Rhode Island School of Design graduate, Jim Drain, was bored with using traditional materials for his sculptures. After deciding to stay in Providence, he joined some fellow classmates as part of the four-man art collective called Forcefield.  Drain was in charge of the collective’s visual aesthetic for their performance pieces. “Because Providence had once been a booming textile mill town, places to find inexpensive yarn were plentiful” ( 51), as Drain puts it while being interviewed by Sabrina Gschwandtner for her book, Knit Knit. Gschwandtner goes on to state that Drain knits “dizzying patterns in bright colors” (51) for Forcefield’s “frightening, silly, hallucinogenic, and cryptic” (51) audio/visual performances. After traveling to China to peruse the yarn shops in Beijing, Drain realized “that knitting is a living tradition – its physical knowledge of a culture. Knowledge as a language dies so quickly” (52). Drain concluded that knitting is a primitive form of consciousness and has been part of the human psyche since time immemorial.

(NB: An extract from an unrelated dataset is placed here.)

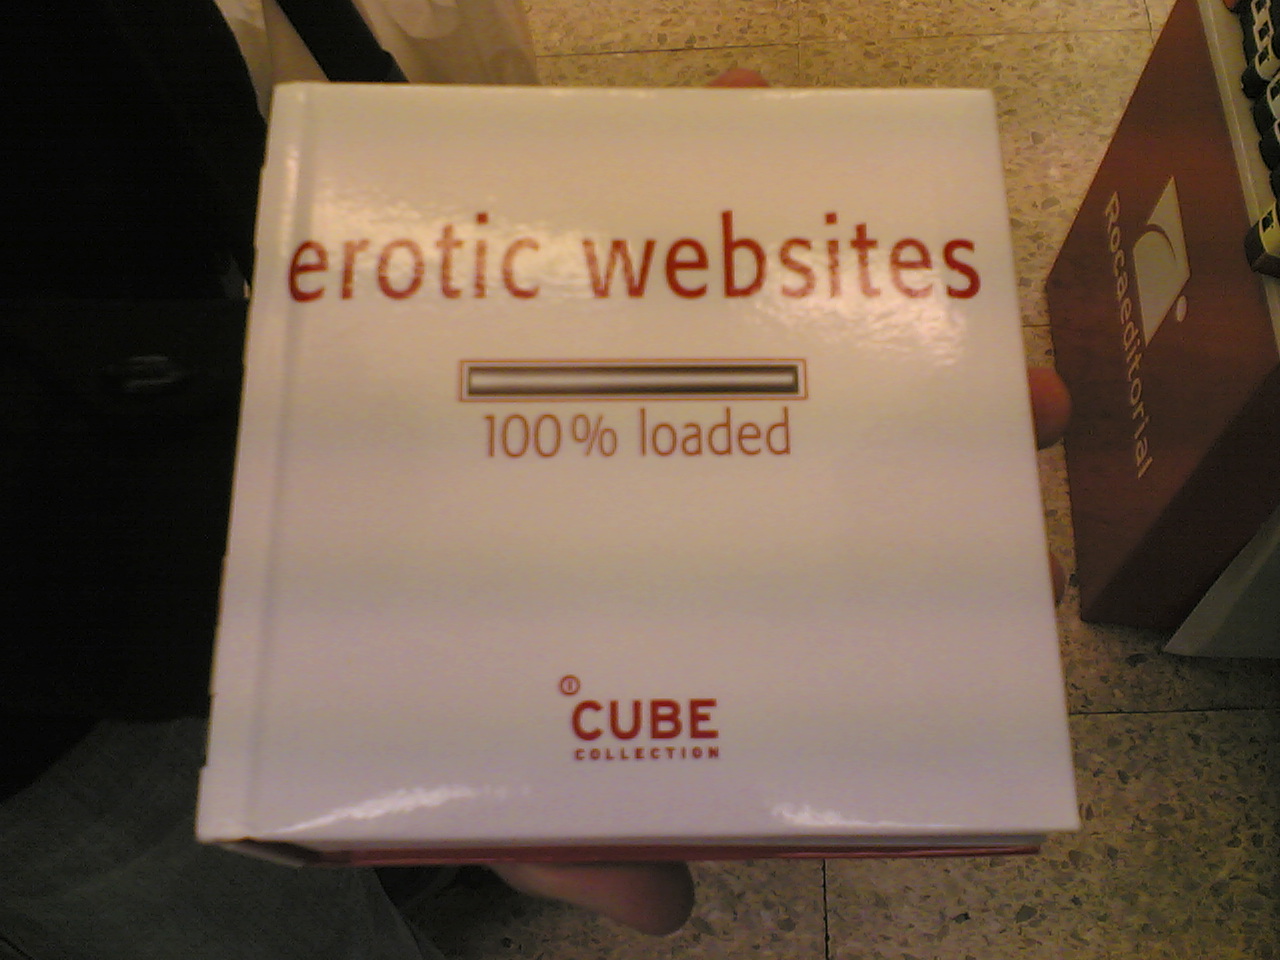 erotic websites.jpg

When he returned from his trip, he discovered that he and the other members of Forcefield were invited to participate in the 2002 Whitney Biennial.  He shared his revelations during his trip to China with the other members, which in turn helped the collective to take a decidedly different approach to their piece, “3rd Annual Roggabogga”, for the Biennial. Instead of their usual performance-based works, Forcefield created an installation piece with “elaborately constructed knit costumes, nomadic-looking sculptures, overstimulating silk-screened wallpaper, a psychedelic projected video, and electronic audio works, all encountered in dim light” (Gschwandtner, 52).
Soon after the show ended, Forcefield disbanded but Jim continued to work with this new knitting philosophy and combined it with his first love of sculpting to create pieces for several gallery exhibits including: P.S.1, New York; Pompidou Center, Paris; the 2004 Lyon Biennial; Dietch Projects, New York; Foskal Gallery Foundation, Warsaw; and the 2005 Basel Art Fair. Now located in Miami, Drain continues to probe the limits between gallery and craft-show art with his abstract, knit sculptural works in a mish-mash of outlandish designs and an array of vibrant colors.
Another knitting artist who got his start in Providence, RI (and continues to work there to this day) is David Cole. Like Drain, Cole makes knit sculptures but the similarities end there. Working with a variety of strange, and often hazardous, materials, Cole weaves baby blankets out of carcinogenic, spun porcelain with a bright yellow sign reading “Warning: Cancer and Lung Disease Hazard” that he keeps in sealed glass tanks. Cole calls his work “conceptually-driven sculpture” and uses nontraditional materials such as lead, Kevlar, shredded dollar bills, and rubber for his sculptures. His use of heavy, toxic, and industrial materials makes Cole’s sculptures “time-consuming and laboriously difficult tests of his own perseverance that…border on the obsessive” (Gschwandtner, 39).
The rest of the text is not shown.